Pourquoi l'autour a-t-il souligné lui-même le mot fédéral?—Nous nous souviendrons de ce fait, quand Brissot sera devenu le chef du parti de la Gironde.

Danton, lui, naquit à Arcis-sur-Aube le 26 octobre 1759. Son père était procureur au bailliage de la ville. La plupart des révolutionnaires sortaient des mains du clergé: le futur Conventionnel fit ses études chez les Oratoriens. On ne sait presque rien de son enfance, très-peu de sa jeunesse, sinon qu'il exerçait la profession d'avocat. En 1787, il se maria et, avec la dot de sa femme, acheta une charge aux conseils du roi.

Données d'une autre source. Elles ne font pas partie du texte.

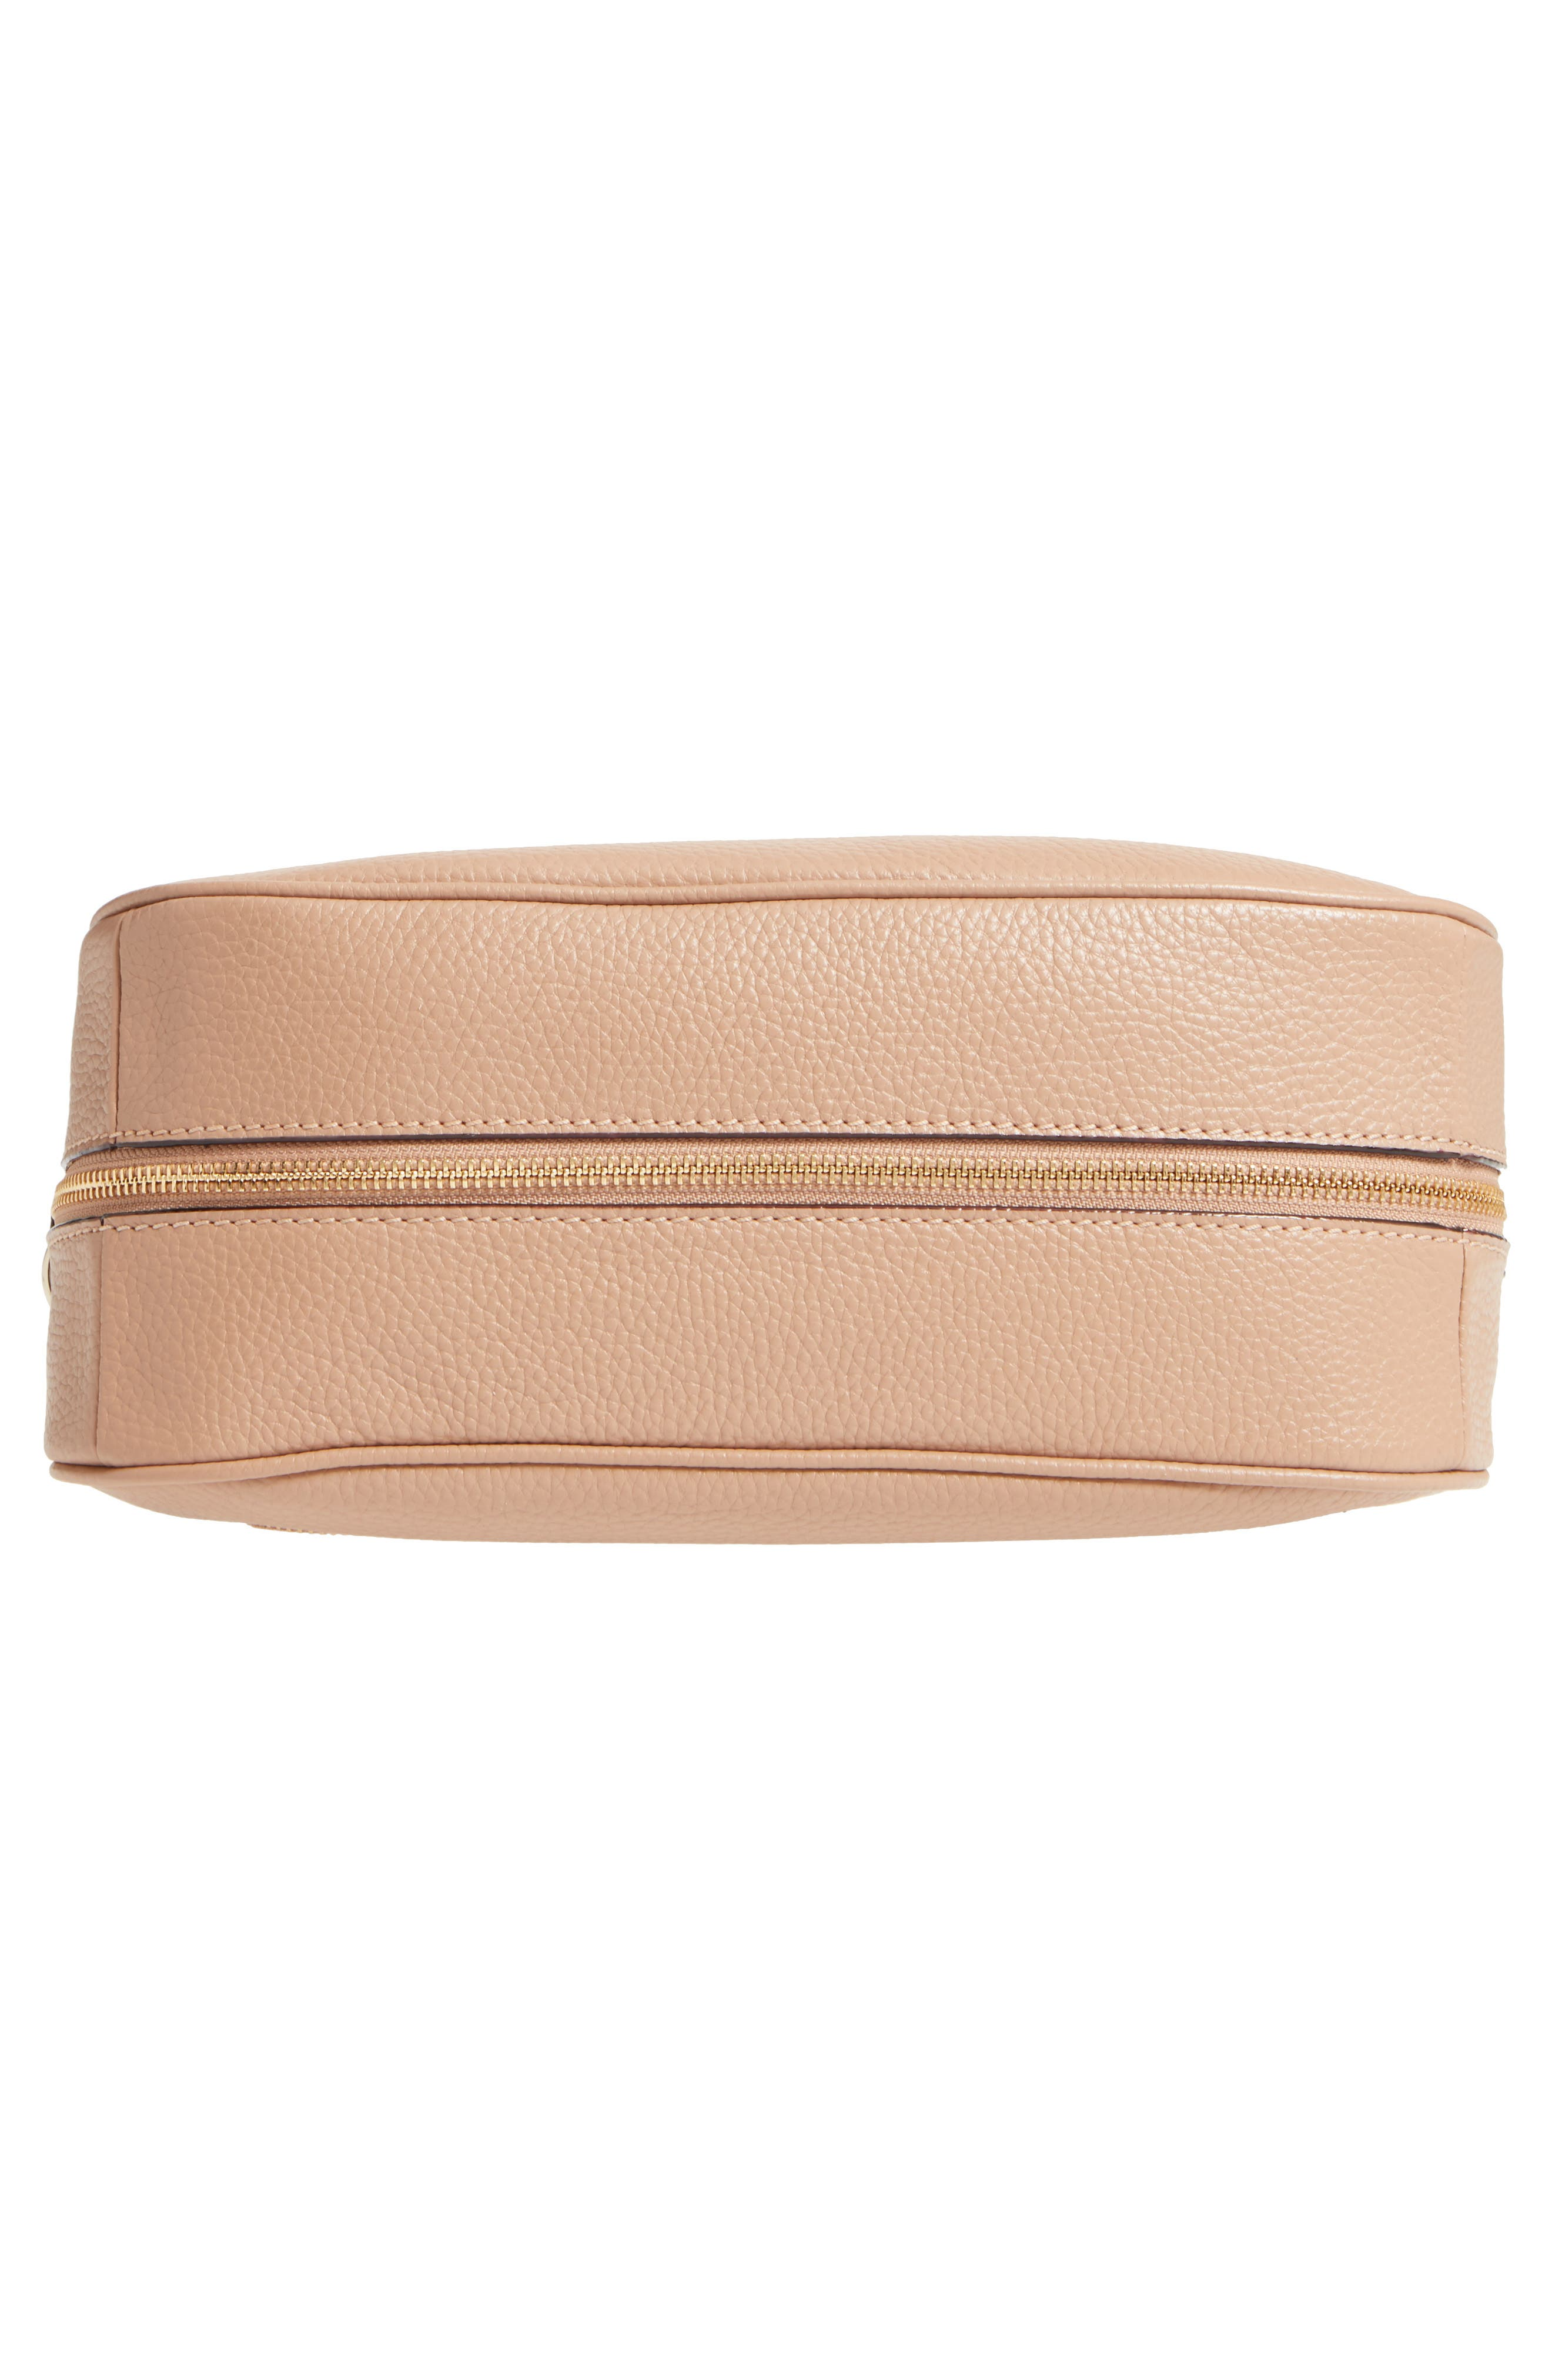 cobble hill - deva leather crossbody bag,                             Alternate thumbnail 39, color,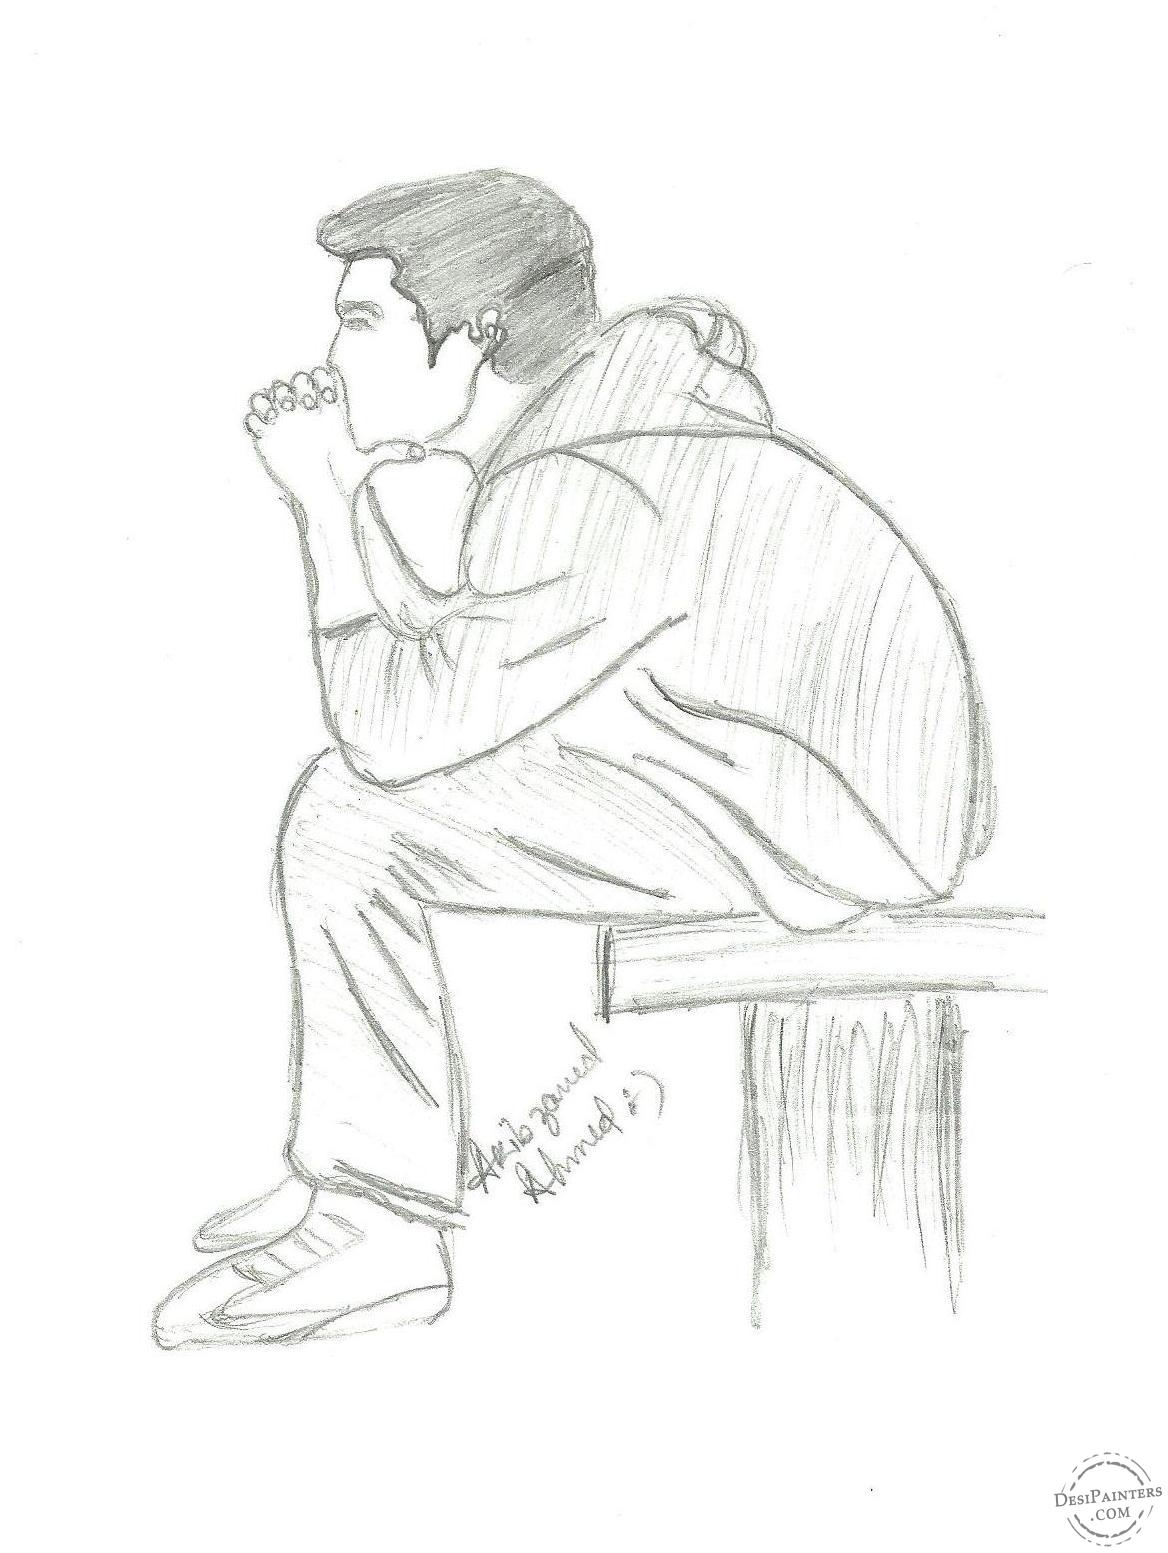 1168x1553 Pencil Sketches Of Lonely Sad Doll Alone Boy In The Rain Pencil

«Avocat sans cause,» dit madame Roland. Pourquoi pas? Son genre d'éloquence n'était guère fait pour plaider en faveur du mur mitoyen. A ce fougueux orateur, il fallait la tribune ou la place publique. Lors des élections aux États généraux de 89, il avait été choisi comme président par l'un des soixante districts de Paris. Ce district était celui des Cordeliers qui faisait trembler les modérés. Danton était déjà, dans son quartier, l'âme des hommes d'action. Tout en lui respirait la force et l'audace: une crinière de lion, une large face ravagée par la petite vérole, des épaules d'Atlas;—il est vrai qu'il portait un monde!